- [What is being asked]: Starting at the top of the entries, restate word for word each line up to and including the one with "Thai Ginger High".

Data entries
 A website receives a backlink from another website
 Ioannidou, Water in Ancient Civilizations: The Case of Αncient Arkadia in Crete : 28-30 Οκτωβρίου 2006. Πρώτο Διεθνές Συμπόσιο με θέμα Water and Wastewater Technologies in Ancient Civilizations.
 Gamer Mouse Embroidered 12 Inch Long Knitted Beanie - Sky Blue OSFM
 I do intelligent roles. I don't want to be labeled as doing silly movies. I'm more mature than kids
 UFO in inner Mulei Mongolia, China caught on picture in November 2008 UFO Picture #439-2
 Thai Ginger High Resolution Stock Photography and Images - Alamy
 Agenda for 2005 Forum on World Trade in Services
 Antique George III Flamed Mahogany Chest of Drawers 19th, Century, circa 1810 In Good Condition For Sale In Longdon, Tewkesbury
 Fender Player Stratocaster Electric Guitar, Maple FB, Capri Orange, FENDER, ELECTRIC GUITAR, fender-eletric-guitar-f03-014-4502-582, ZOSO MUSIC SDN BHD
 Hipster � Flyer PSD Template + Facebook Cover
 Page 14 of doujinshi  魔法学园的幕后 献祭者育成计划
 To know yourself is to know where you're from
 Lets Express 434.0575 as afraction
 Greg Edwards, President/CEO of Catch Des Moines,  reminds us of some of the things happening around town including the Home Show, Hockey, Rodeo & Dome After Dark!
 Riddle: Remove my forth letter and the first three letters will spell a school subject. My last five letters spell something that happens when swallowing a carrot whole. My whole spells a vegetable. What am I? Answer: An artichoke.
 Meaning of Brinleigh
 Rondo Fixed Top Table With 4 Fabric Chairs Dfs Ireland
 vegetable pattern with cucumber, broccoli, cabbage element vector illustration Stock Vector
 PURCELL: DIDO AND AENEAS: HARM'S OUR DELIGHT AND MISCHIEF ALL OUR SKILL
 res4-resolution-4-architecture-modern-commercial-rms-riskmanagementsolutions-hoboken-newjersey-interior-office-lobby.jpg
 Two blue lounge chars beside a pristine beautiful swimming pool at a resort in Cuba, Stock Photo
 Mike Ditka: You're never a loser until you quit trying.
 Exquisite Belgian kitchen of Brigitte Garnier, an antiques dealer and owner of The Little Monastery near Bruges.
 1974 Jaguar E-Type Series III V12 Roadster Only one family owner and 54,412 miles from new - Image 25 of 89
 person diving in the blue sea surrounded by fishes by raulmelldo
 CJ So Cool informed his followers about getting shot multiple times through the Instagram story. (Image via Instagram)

- [Solution]:
 A website receives a backlink from another website
 Ioannidou, Water in Ancient Civilizations: The Case of Αncient Arkadia in Crete : 28-30 Οκτωβρίου 2006. Πρώτο Διεθνές Συμπόσιο με θέμα Water and Wastewater Technologies in Ancient Civilizations.
 Gamer Mouse Embroidered 12 Inch Long Knitted Beanie - Sky Blue OSFM
 I do intelligent roles. I don't want to be labeled as doing silly movies. I'm more mature than kids
 UFO in inner Mulei Mongolia, China caught on picture in November 2008 UFO Picture #439-2
 Thai Ginger High Resolution Stock Photography and Images - Alamy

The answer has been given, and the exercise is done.